:: Exercise directions ::
Your answer must be the full listing, reproduced exactly, minus any pictures.

:: Material provided ::
::::::

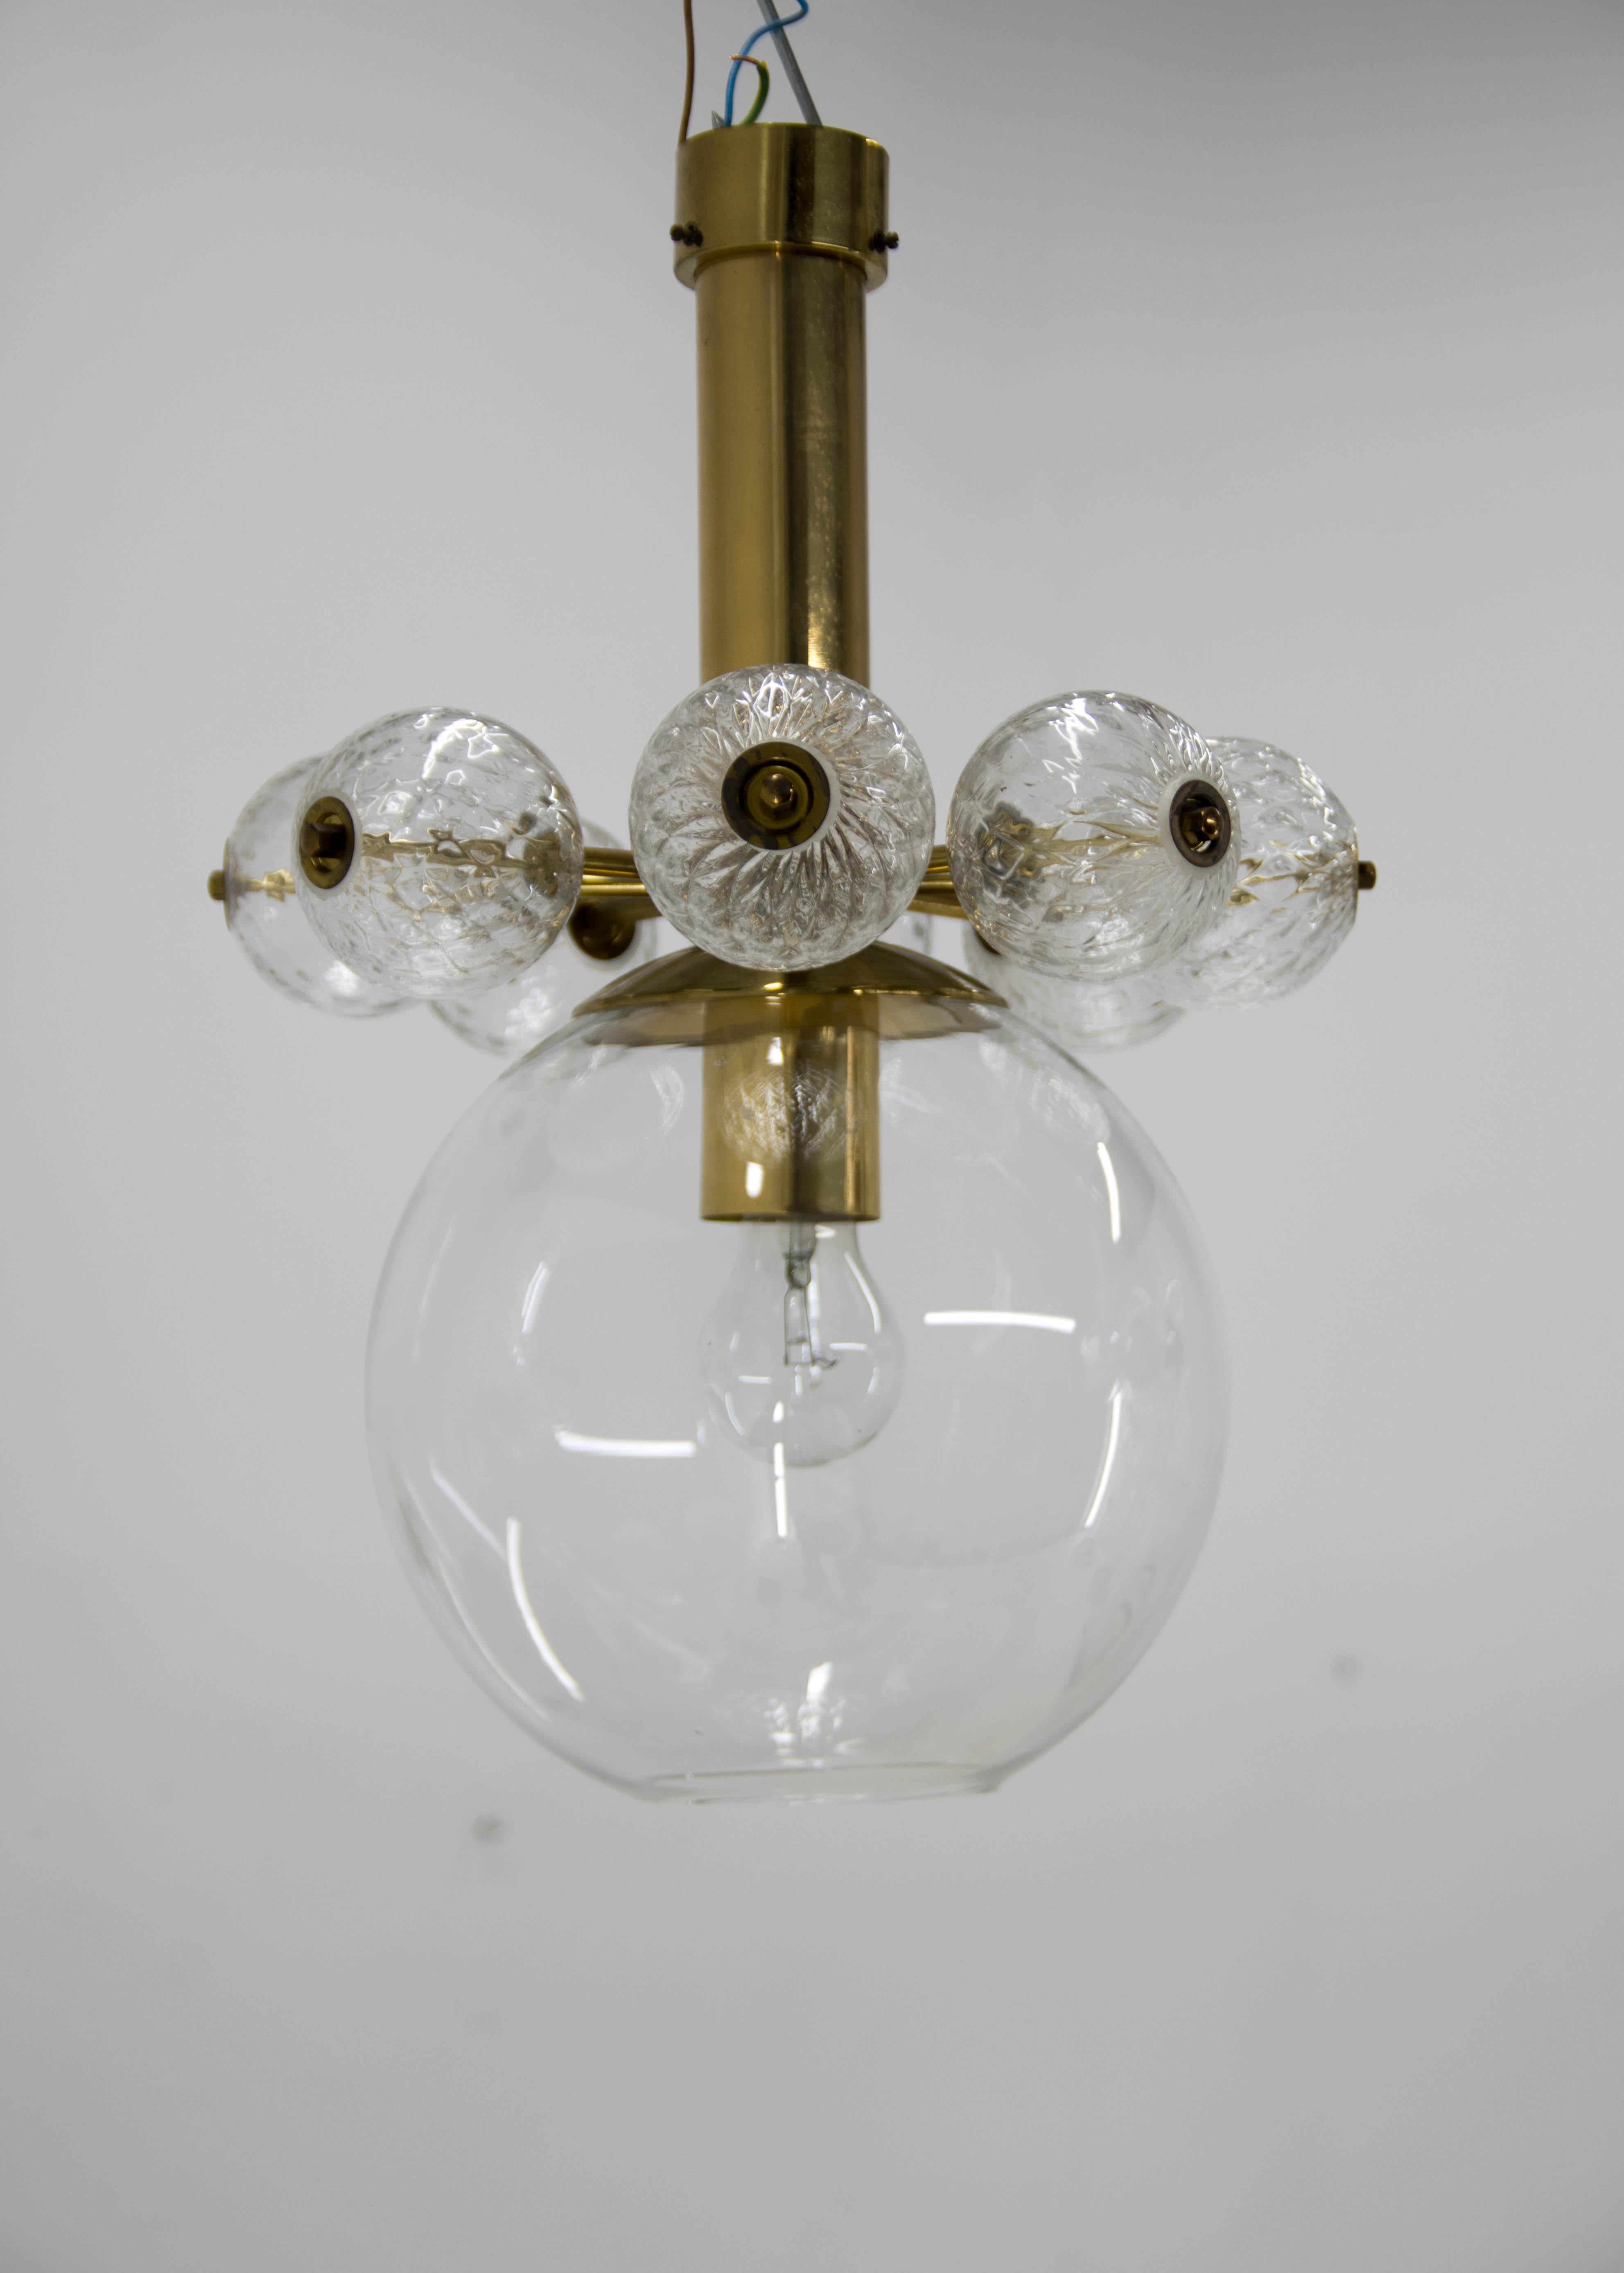 Designed by Bejvl in the 1980s, this beautiful pendant was part of a large concept of luminaires using different sizes of blown glass spheres attached in many variations to a brass structure
20 items available
1x60W, E25-E27 bulb
US wiring

::::::

:: Solved problem ::
 Designed by Bejvl in the 1980s, this beautiful pendant was part of a large concept of luminaires using different sizes of blown glass spheres attached in many variations to a brass structure
20 items available
1x60W, E25-E27 bulb
US wiring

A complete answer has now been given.